In the circumferential direction around the center axis, the position of the horizontal axis orthogonal to the center axis is 0 °, and the position of the horizontal axis is perpendicular to the center axis and the horizontal axis. Assuming that the position of the vertical axis intersecting is 90 °, the winding of one of the vertical deflection coils has a starting point on the horizontal axis in the range of 5 ° to 30 °, and 90 ° from this starting point. °, is distributed continuously or intermittently and symmetrically about the vertical axis, and the winding of the other vertical deflection coil is one of the above windings about the horizontal axis. A cathode ray tube device wound symmetrically with the winding of a vertical deflection coil.
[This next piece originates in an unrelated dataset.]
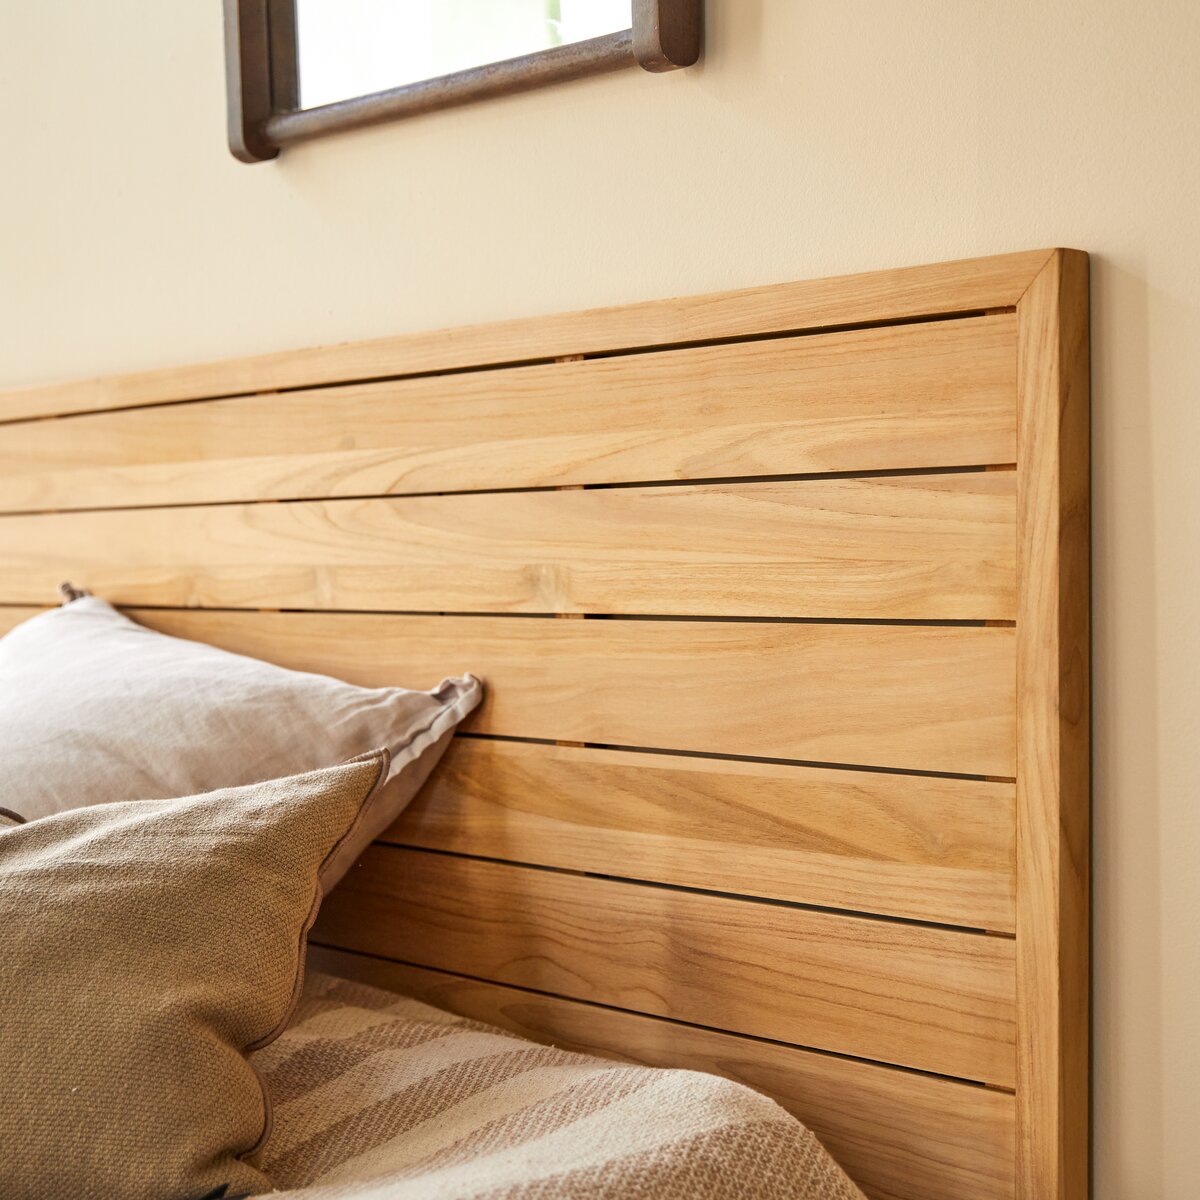 Testata letto in legno flotté 180cm - Arredo camera letto - Tikamoon

6. One of the above vertical deflection coils is wound by dividing a portion where the winding distribution is dense into a plurality of portions, and at least around 20 ° to 40 ° and around 60 ° to 80 °. 6. The cathode ray tube device according to claim 5, wherein the cathode ray tube device has a portion having a dense winding distribution.

7. Each of the horizontal deflection coils has a large-diameter end and a small-diameter end, and the small-diameter end has a bendless shape having no bent portion in a direction orthogonal to the central axis. Item 7. A cathode ray tube device according to item 5 or 6.

8. A coaxial coil provided coaxially with the center axis of the horizontal deflection coil and spaced apart from the small-diameter end of the horizontal deflection coil in the direction of the center axis,

The effective length of the horizontal deflection coil along the center axis direction is L1, the length of the core along the center axis direction is L2, and the small diameter of the core along the center axis direction is L2. Assuming that the distance between the end and the top coil is L3, Ll, L2, and L3 are

L 1> L 2> L 3

L 3 = 0.6 X L 2 to 0.8 X L 2

The cathode ray tube device according to claim 7, wherein the relationship is set as follows.